Step	Hyp	Ref	Expression
1		1re 8020	. . . 4 |- 1 e. RR
2		3re 9058	. . . . 5 |- 3 e. RR
3	2	rehalfcli 9234	. . . 4 |- ( 3 / 2 ) e. RR
4		2cn 9055	. . . . . . 7 |- 2 e. CC
5	4	mullidi 8024	. . . . . 6 |- ( 1 x. 2 ) = 2
6		2lt3 9155	. . . . . 6 |- 2 < 3
7	5, 6	eqbrtri 4051	. . . . 5 |- ( 1 x. 2 ) < 3
8		2pos 9075	. . . . . 6 |- 0 < 2
9		2re 9054	. . . . . . 7 |- 2 e. RR
10	1, 2, 9	ltmuldivi 8943	. . . . . 6 |- ( 0 < 2 -> ( ( 1 x. 2 ) < 3 <-> 1 < ( 3 / 2 ) ) )
11	8, 10	ax-mp 5	. . . . 5 |- ( ( 1 x. 2 ) < 3 <-> 1 < ( 3 / 2 ) )
12	7, 11	mpbi 145	. . . 4 |- 1 < ( 3 / 2 )
13	1, 3, 12	ltleii 8124	. . 3 |- 1 <_ ( 3 / 2 )
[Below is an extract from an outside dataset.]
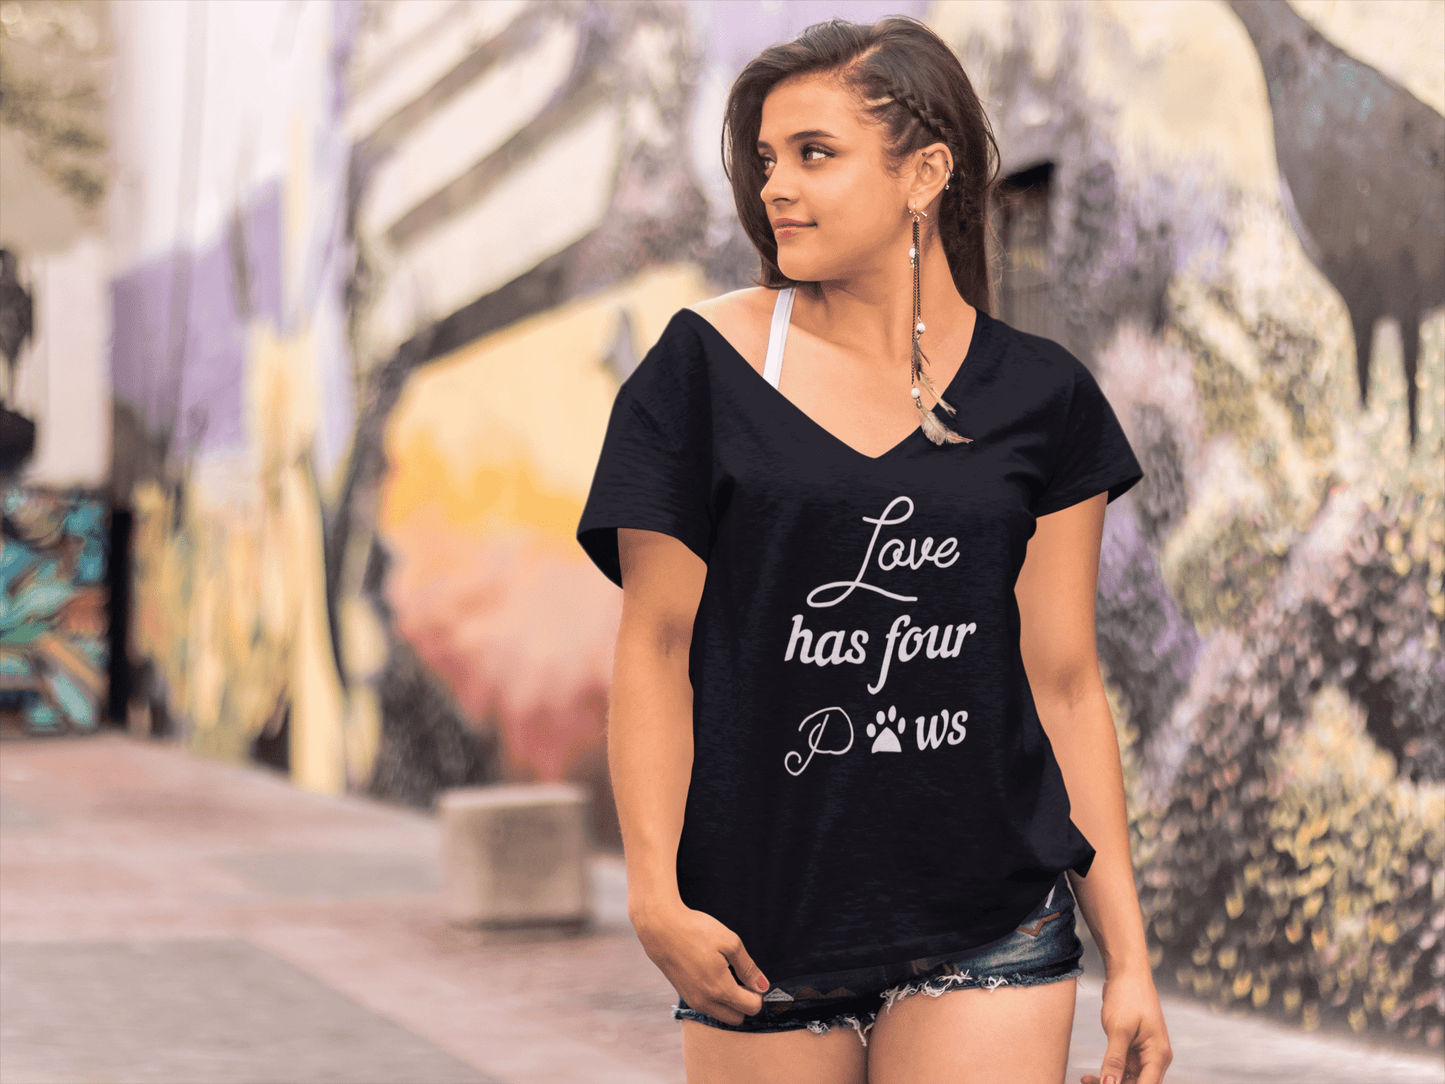 ULTRABASIC Women's T-Shirt Love Has Four Paws - Dog Short Sleeve Tee Shirt Tops

14		3lt4 9157	. . . . . 6 |- 3 < 4
15		2t2e4 9139	. . . . . 6 |- ( 2 x. 2 ) = 4
16	14, 15	breqtrri 4057	. . . . 5 |- 3 < ( 2 x. 2 )
17	9, 8	pm3.2i 272	. . . . . 6 |- ( 2 e. RR /\ 0 < 2 )
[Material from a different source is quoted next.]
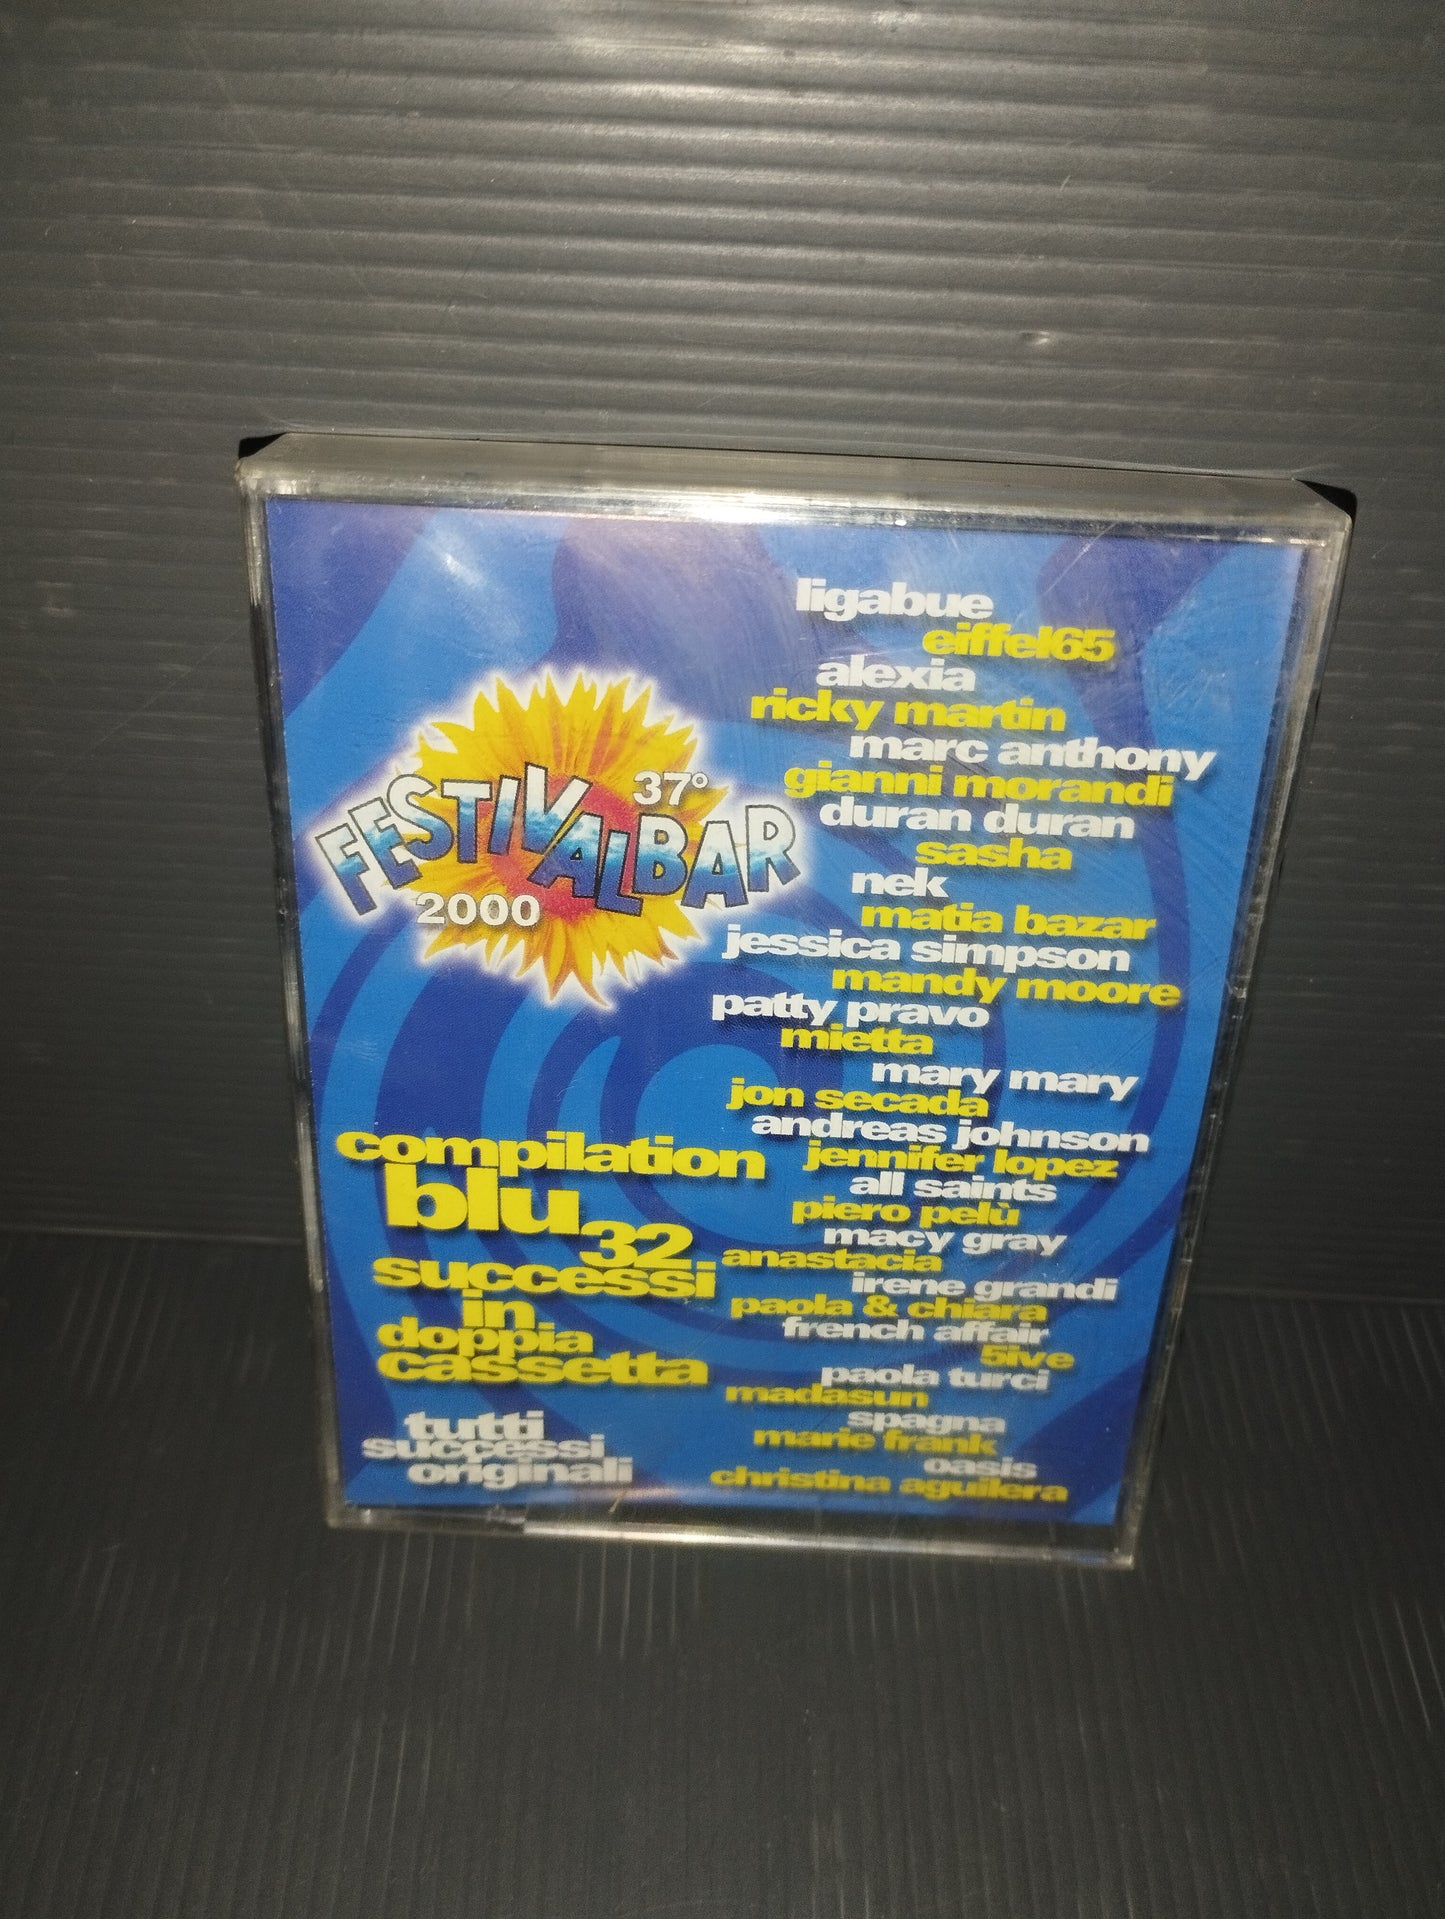 37th Festivalbar 2000 Blue compilation 2 cassettes

18		ltdivmul 8897	. . . . . 6 |- ( ( 3 e. RR /\ 2 e. RR /\ ( 2 e. RR /\ 0 < 2 ) ) -> ( ( 3 / 2 ) < 2 <-> 3 < ( 2 x. 2 ) ) )
19	2, 9, 17, 18	mp3an 1348	. . . . 5 |- ( ( 3 / 2 ) < 2 <-> 3 < ( 2 x. 2 ) )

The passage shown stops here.